***** Data supplied *****

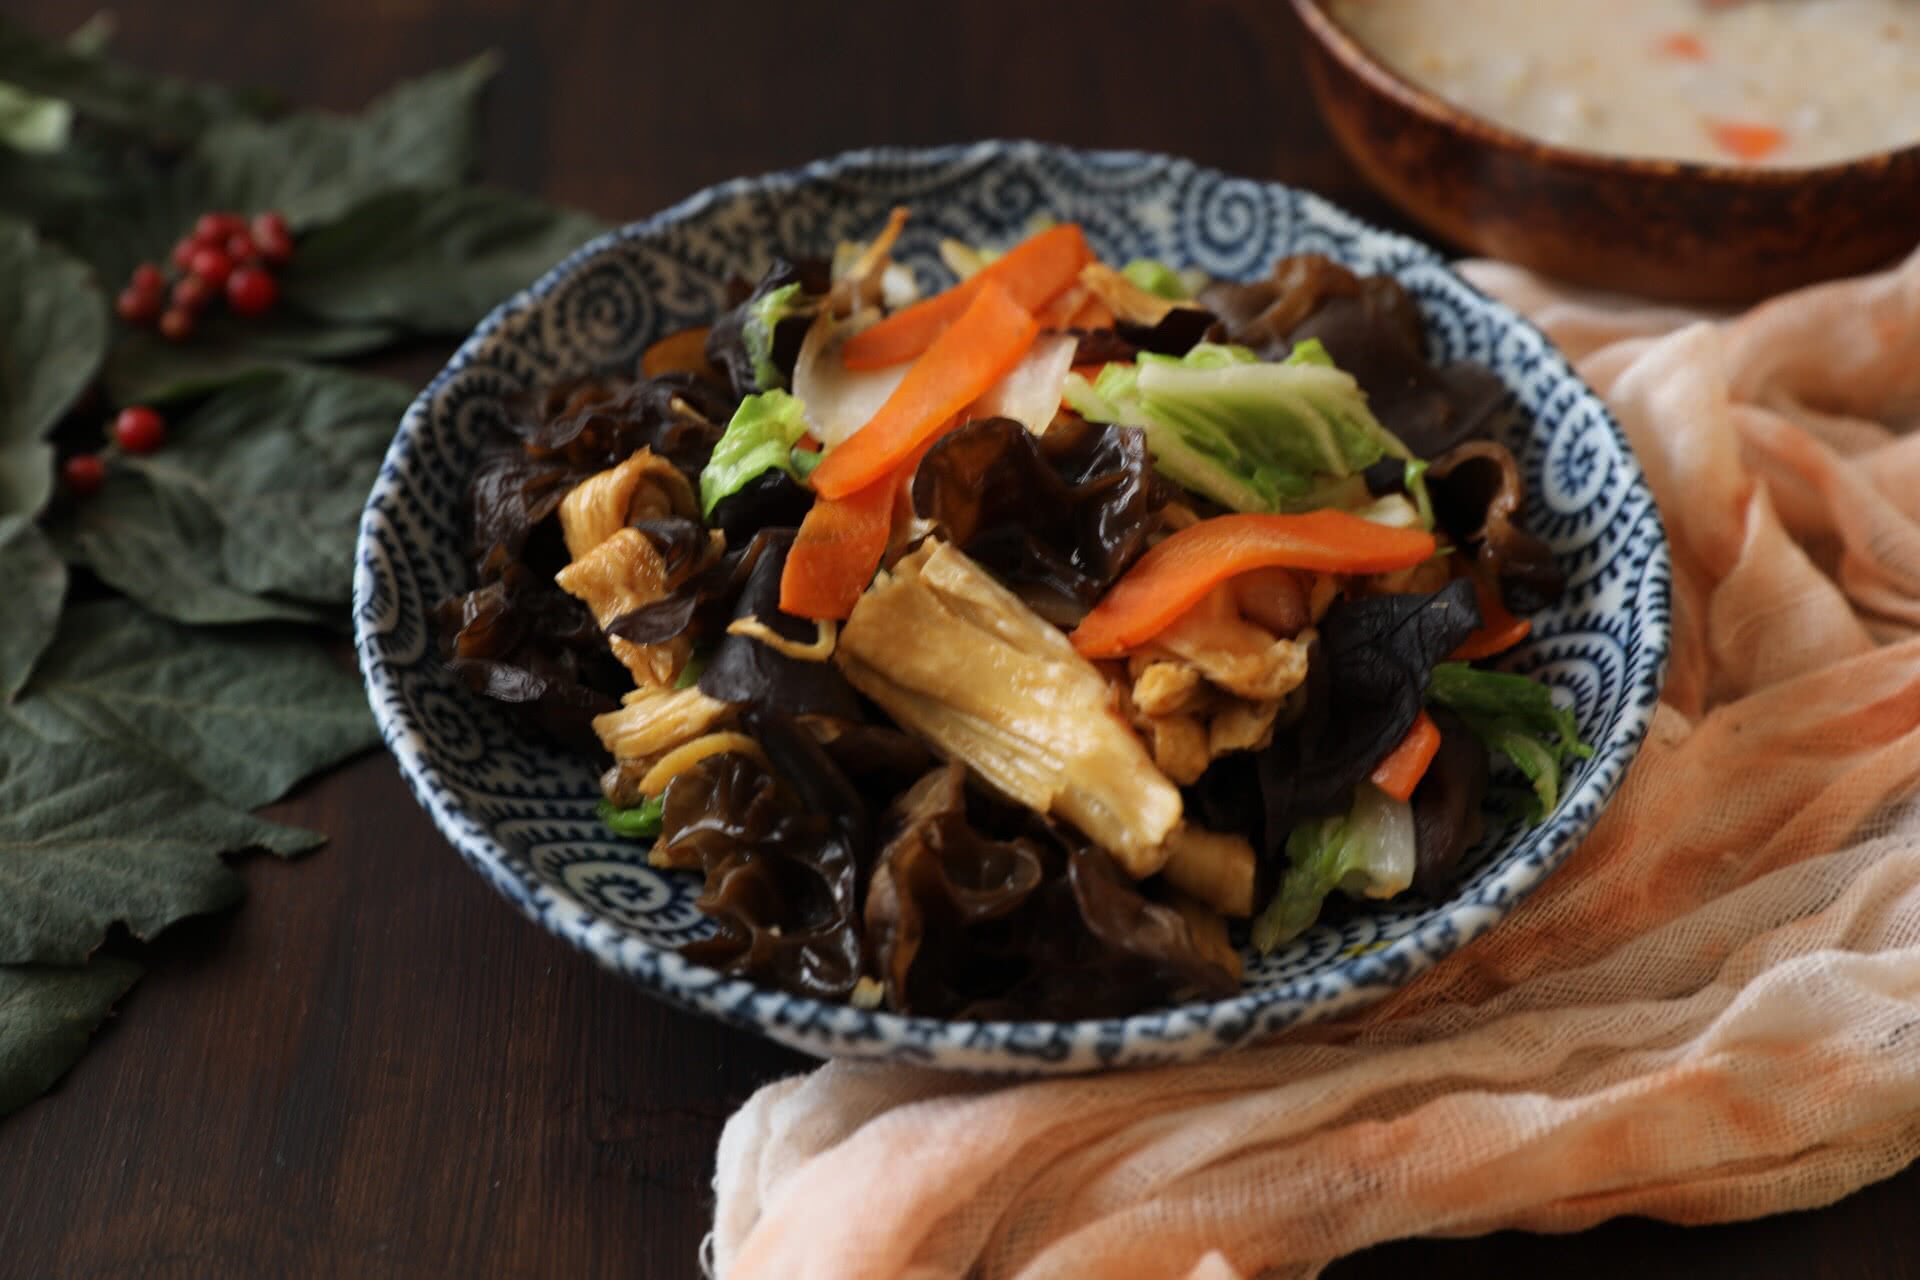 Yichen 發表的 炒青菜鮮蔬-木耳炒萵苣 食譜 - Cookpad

*****
***** Data supplied *****

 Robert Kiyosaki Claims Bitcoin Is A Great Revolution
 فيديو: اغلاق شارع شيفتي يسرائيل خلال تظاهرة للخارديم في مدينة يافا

*****

Take the lines above from the one containing "Robert Kiyosaki Claims" down to the one containing "فيديو: اغلاق شارع", and transcribe them exactly, both ends included.

Solution to this problem »
 Robert Kiyosaki Claims Bitcoin Is A Great Revolution
 فيديو: اغلاق شارع شيفتي يسرائيل خلال تظاهرة للخارديم في مدينة يافا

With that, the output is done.